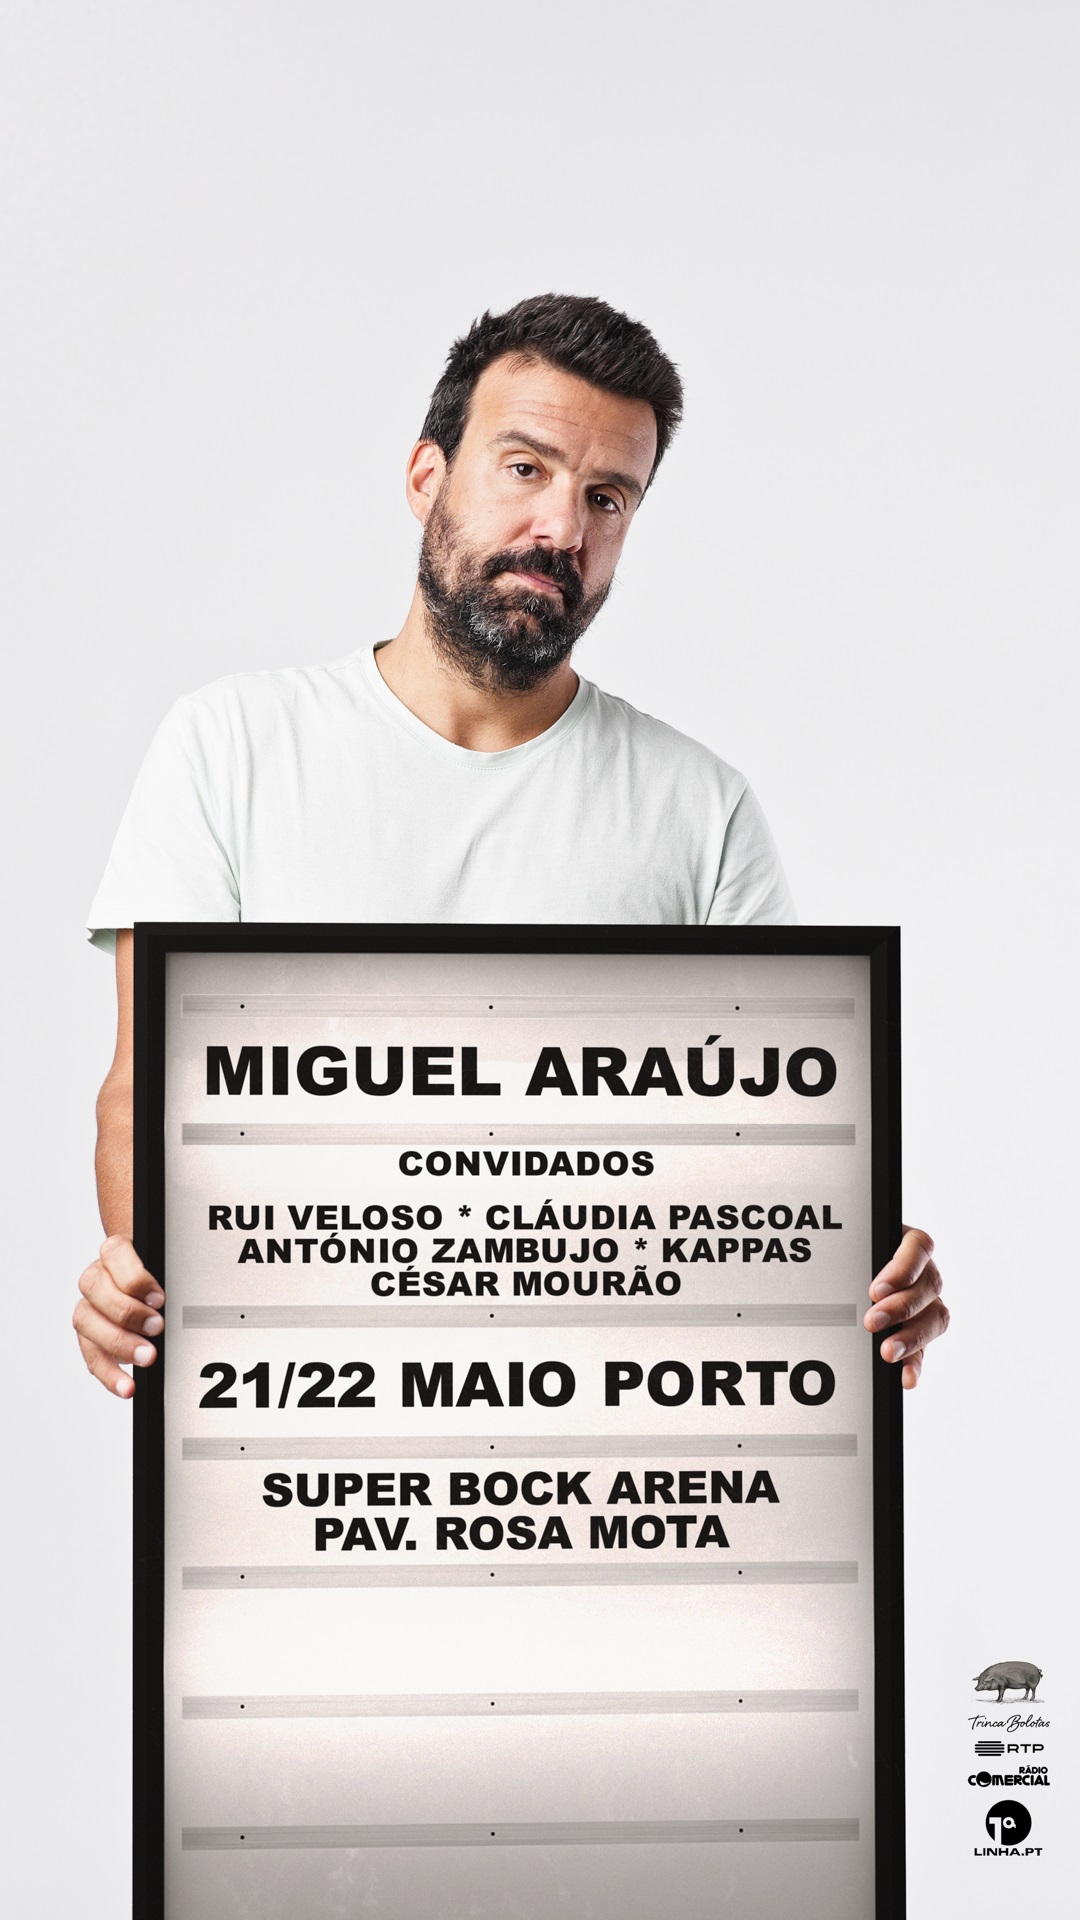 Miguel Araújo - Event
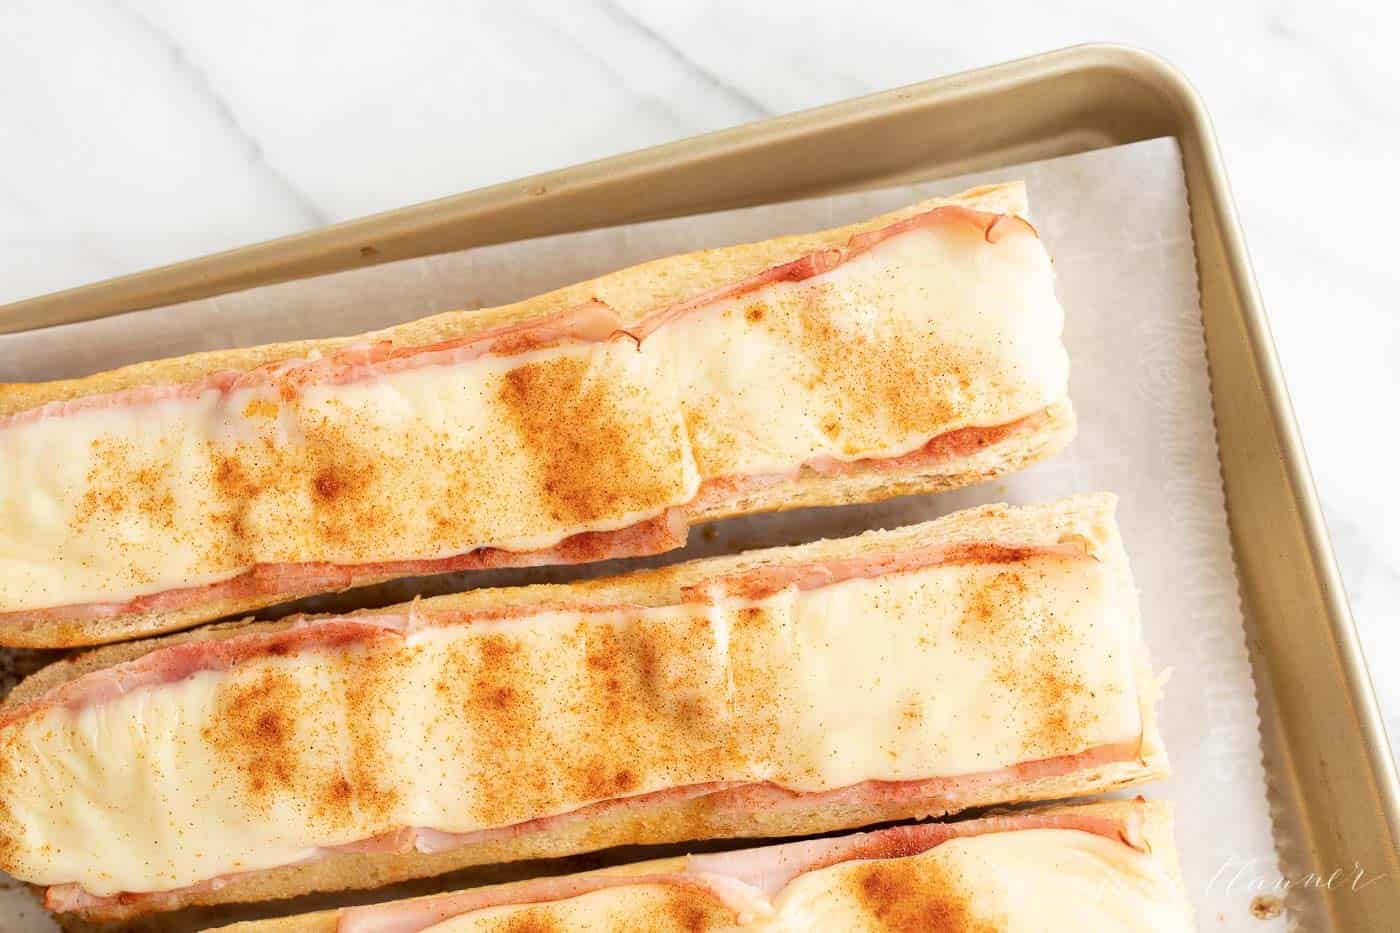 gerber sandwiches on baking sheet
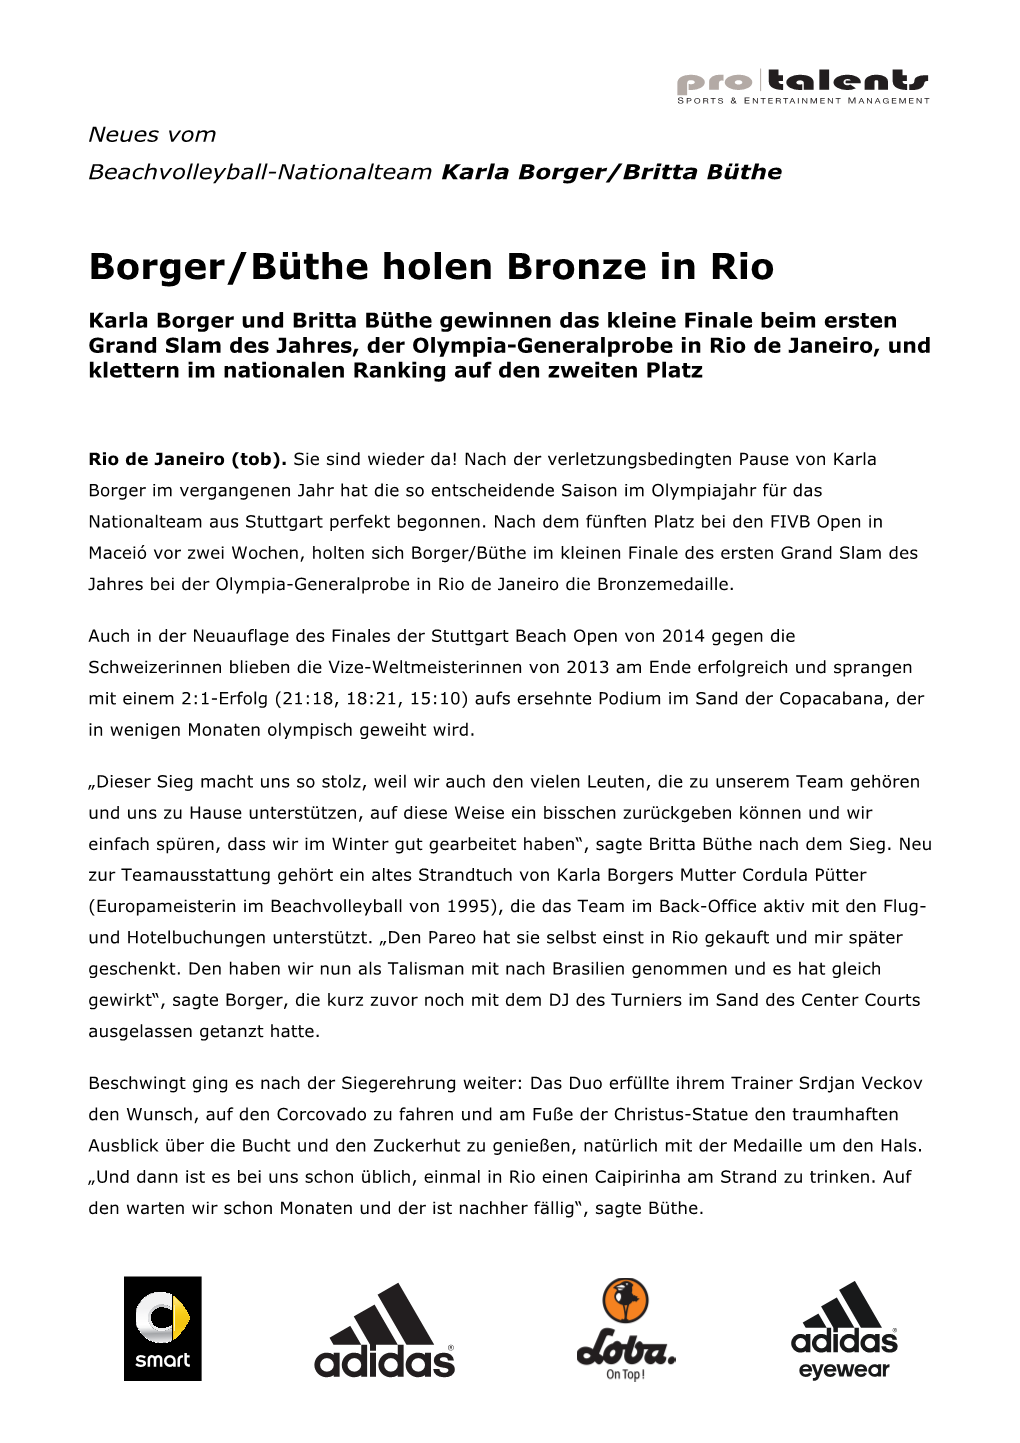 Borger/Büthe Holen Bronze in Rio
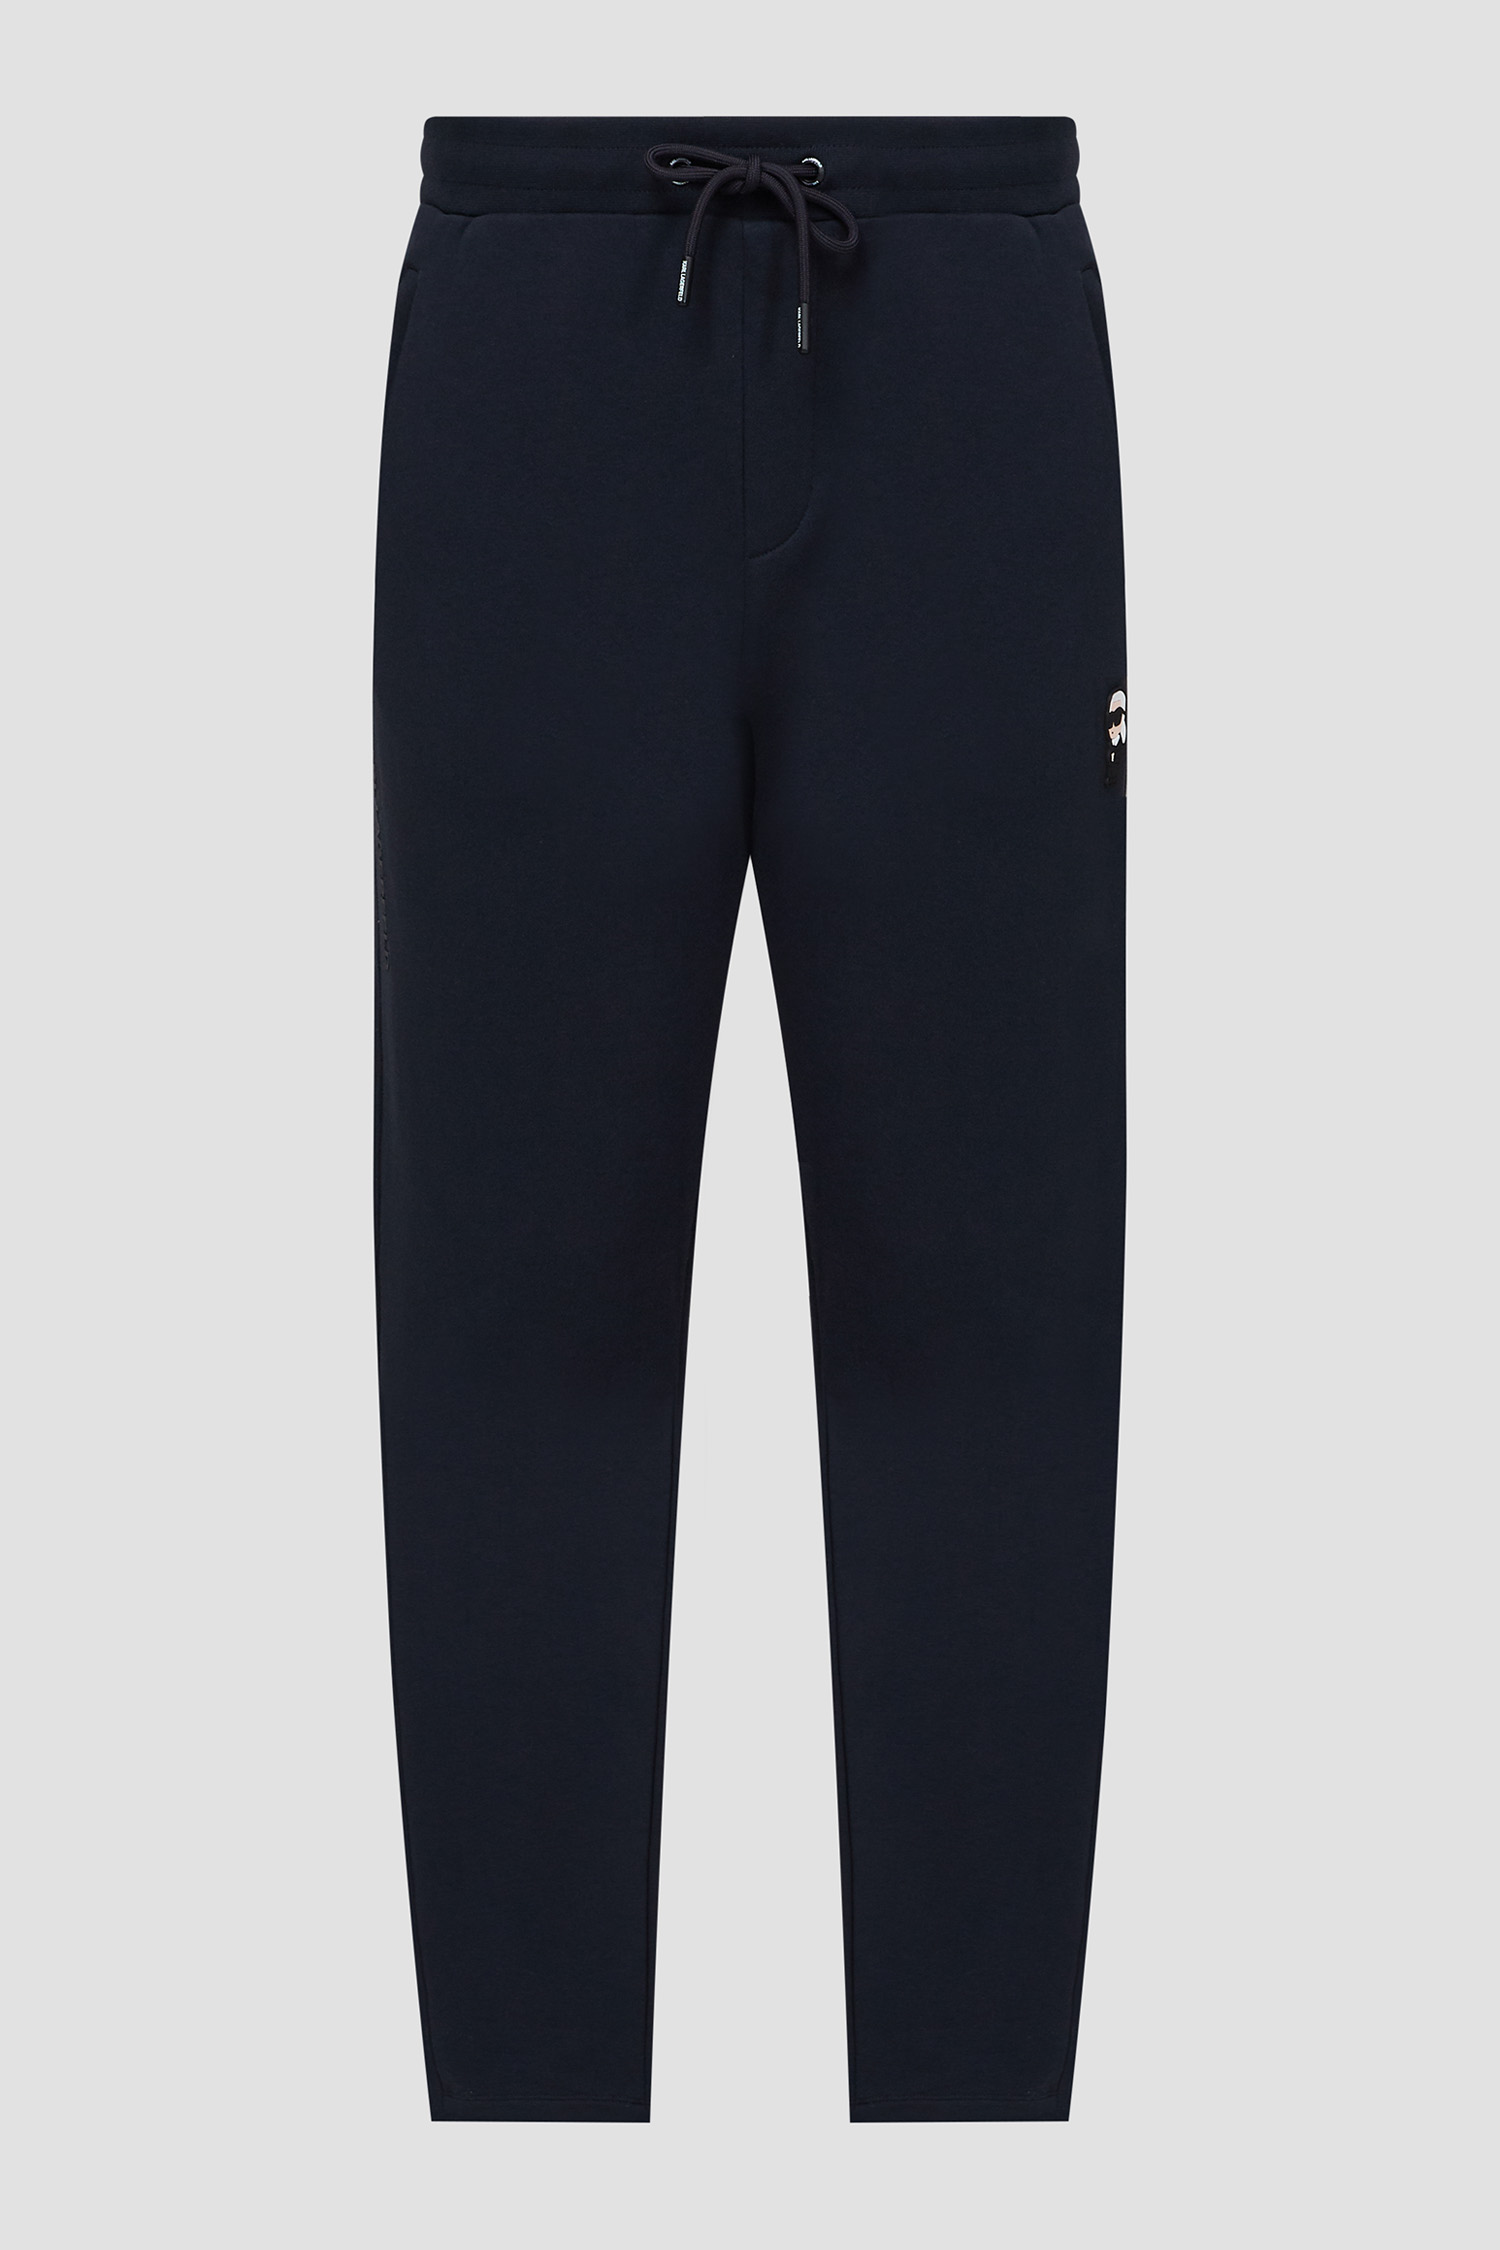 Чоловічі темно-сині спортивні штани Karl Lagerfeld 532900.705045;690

::::::::::

Work to be completed >> Return the whole listing, word for word, and leave out every picture.

Answer space >>
 Miguel Araújo - Event
 gerber sandwiches on baking sheet
 Borger/Büthe Holen Bronze in Rio
 Чоловічі темно-сині спортивні штани Karl Lagerfeld 532900.705045;690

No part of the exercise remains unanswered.